The UV-visible spectrum of compound A was recorded in ethanol (1 mM), as shown in Fig. 4a. Compound A exhibited absorbance at 265 nm, assigned to the presence of a biphenyl system. Compound A was soluble in most of the commonly available organic solvents but insoluble in water. For the aggregation study, compound A was first dissolved in ethanol (1 mM) followed by the addition of varying volumes of water to obtain the desired V/V percentage of the mixture solvent system and kept for 30 min at room temperature. After 30 min, the fluorescence spectra of the samples were recorded.

Results and discussion

Herein, we designed and synthesized a Michael addition product, compound A, that is dimorphic in nature. The synthesis of compound A is summarized and is shown in Scheme 1. The formation of compound A was further confirmed using HR-MS and solution NMR (see ESI† Fig. S2 and S3) as well as single crystal X-ray diffraction (SCXRD) analysis.

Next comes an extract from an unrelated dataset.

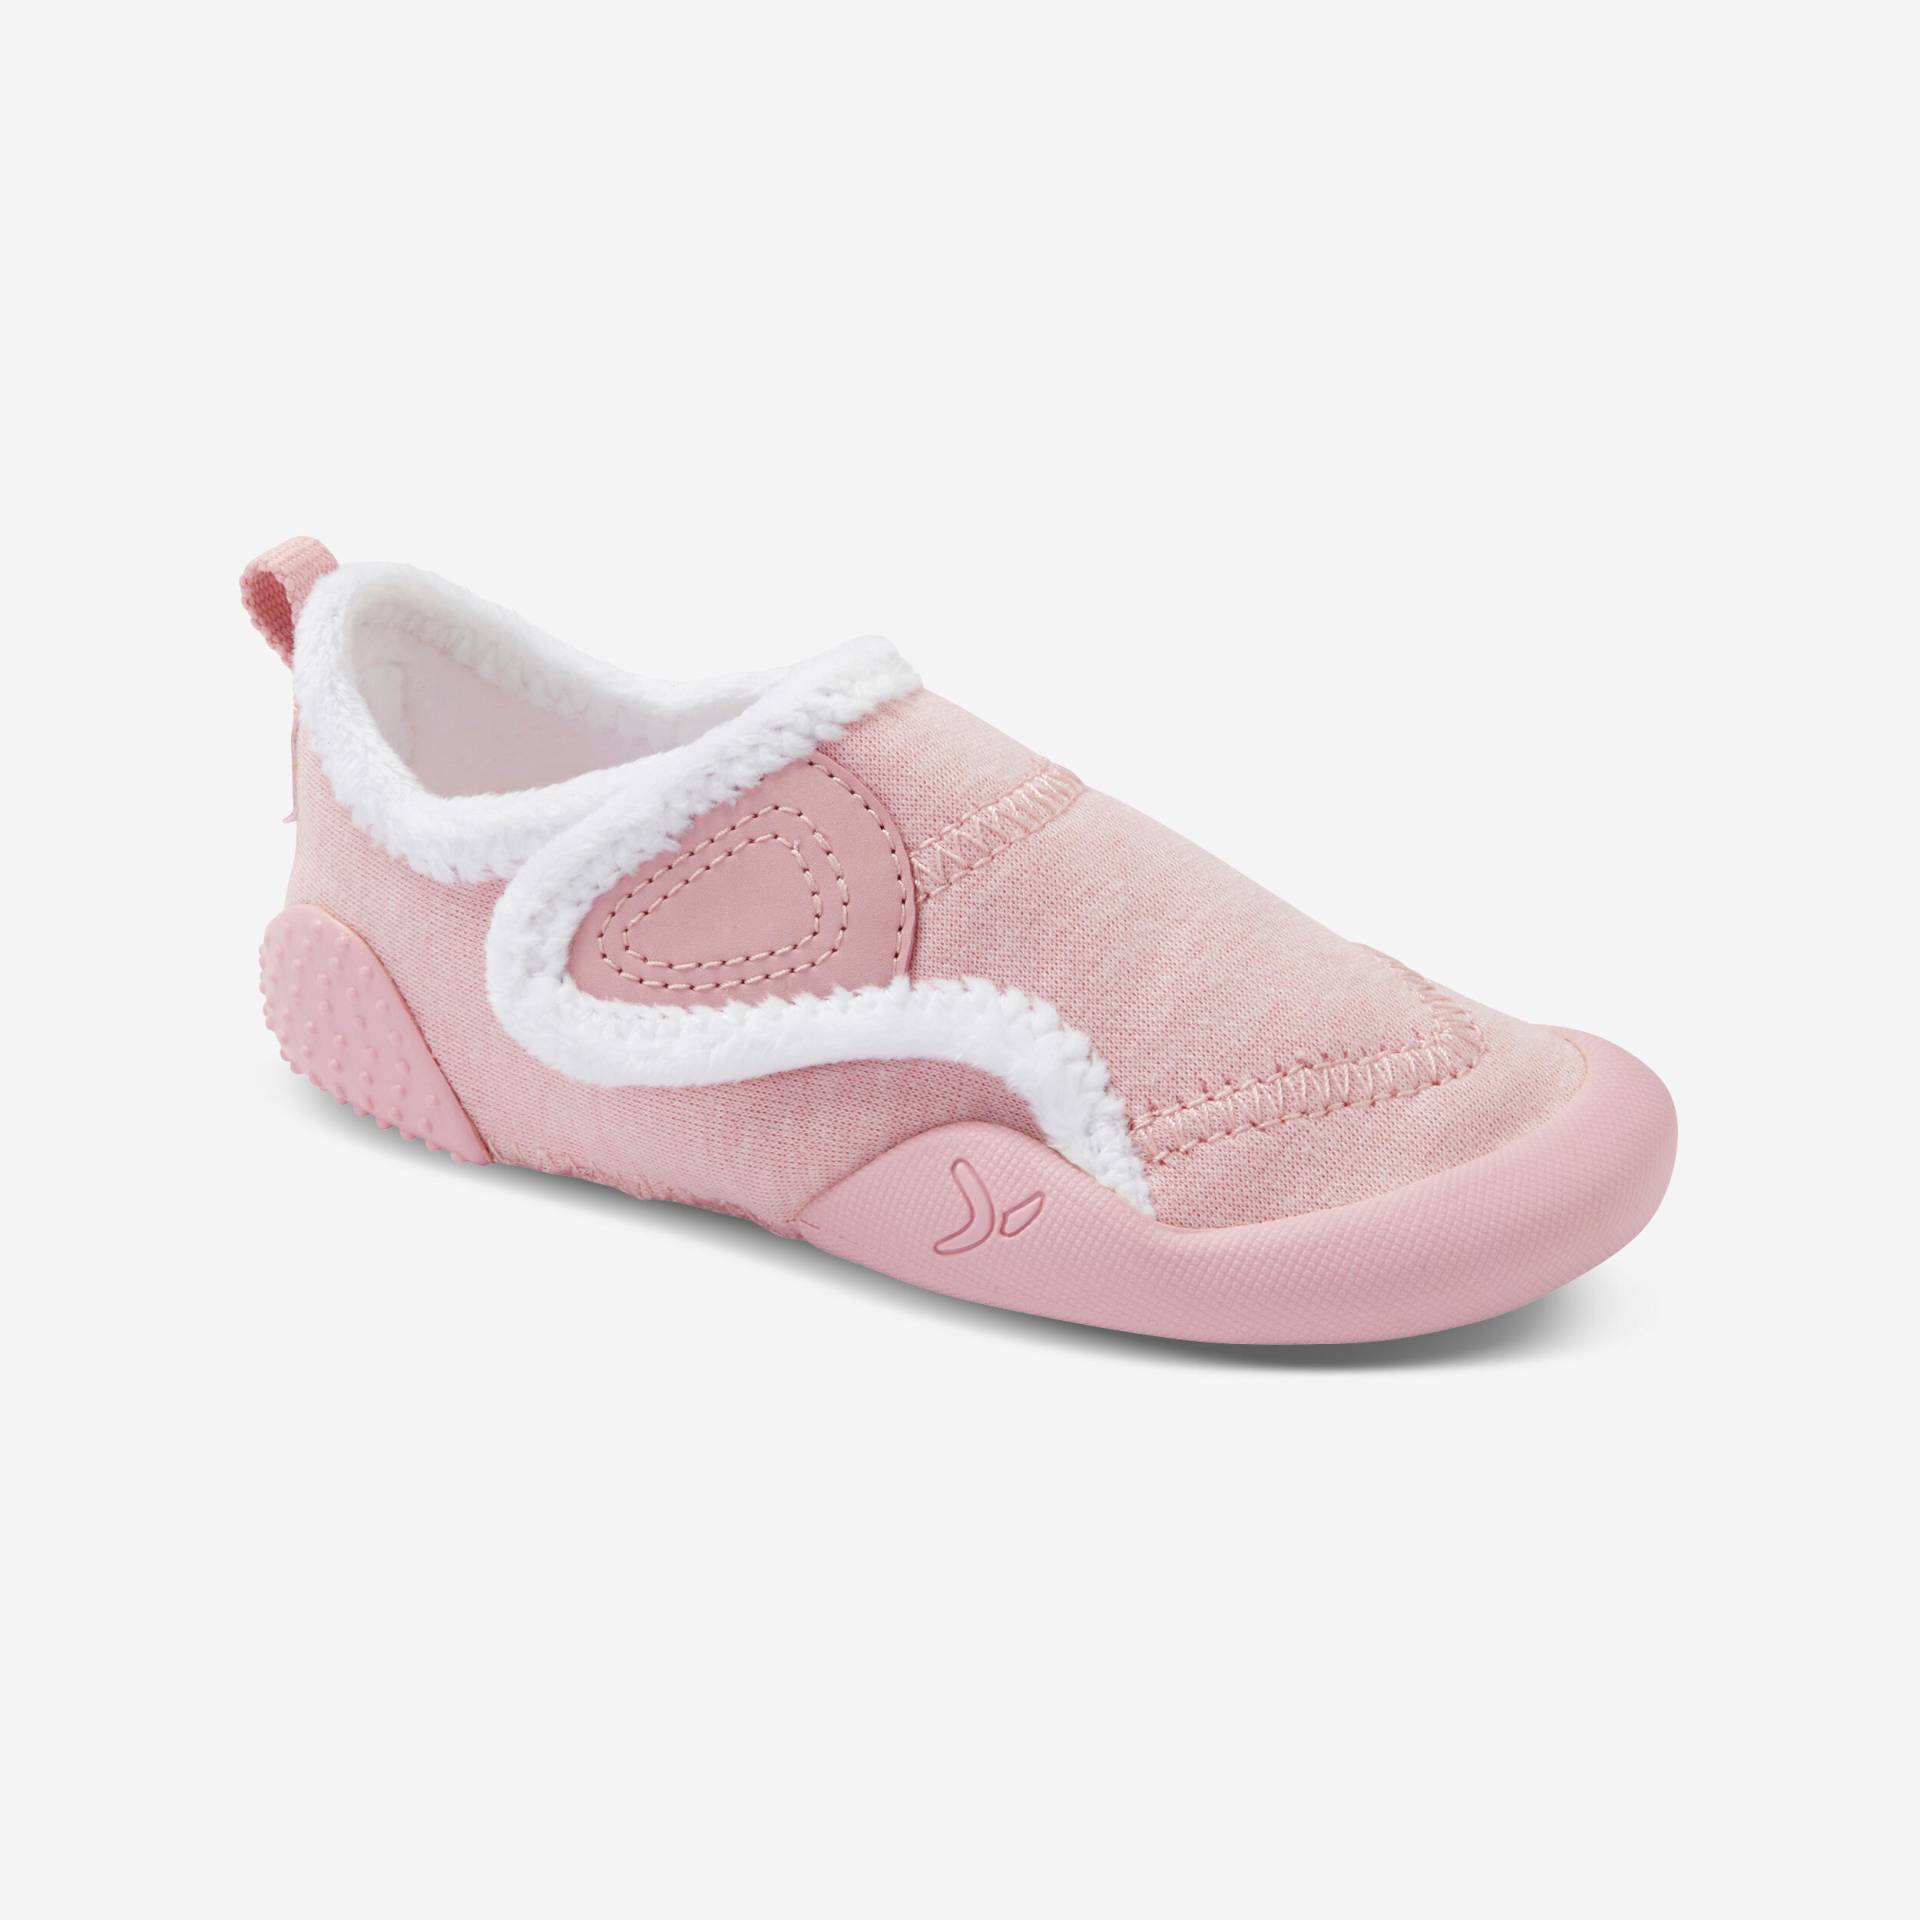 Turnschuhe/Hausschuhe Babylight 550 Comfort Babyturnen rosa von Decathlon

Scheme 1 Synthetic scheme of compound A.

Structural analysis

Compound A: form 1. During solution phase crystallization, two polymorphic phases of compound A were obtained. A stable form 1 was obtained during solution crystallization from a majority of organic solvents (see Fig. 2a and b), confirmed using SCXRD as well as PXRD analysis. SCXRD measurements showed the unit cell parameters of form 1 to be a = 9.3281 Å, b = 21. 6191 Å, c = 12.2447 Å, β = 95.321°, and V = 2458.7 ų and the compound was solved in the monoclinic space group P2₁/c containing one molecule in the asymmetric unit (see Table 1). The conformation of the biphenyl ring was found to be non-planar with a dihedral angle of 24.39° resulting in inhibition of the π–π stacking interactions. Moreover, due to incorporation of two bulky dimedone units, the biphenyl rings of adjacent molecules were stacked in a head to tail arrangement, confined in between the dimedone rings from both sides. The biphenyl units were well separated with a centroid to centroid distance of ∼4.2 Å resulting in a dimeric motif (Fig. 1a and c). In the 3D crystal packing, these aggregated dimers are arranged in an orthogonal fashion, as shown in Fig. 1e.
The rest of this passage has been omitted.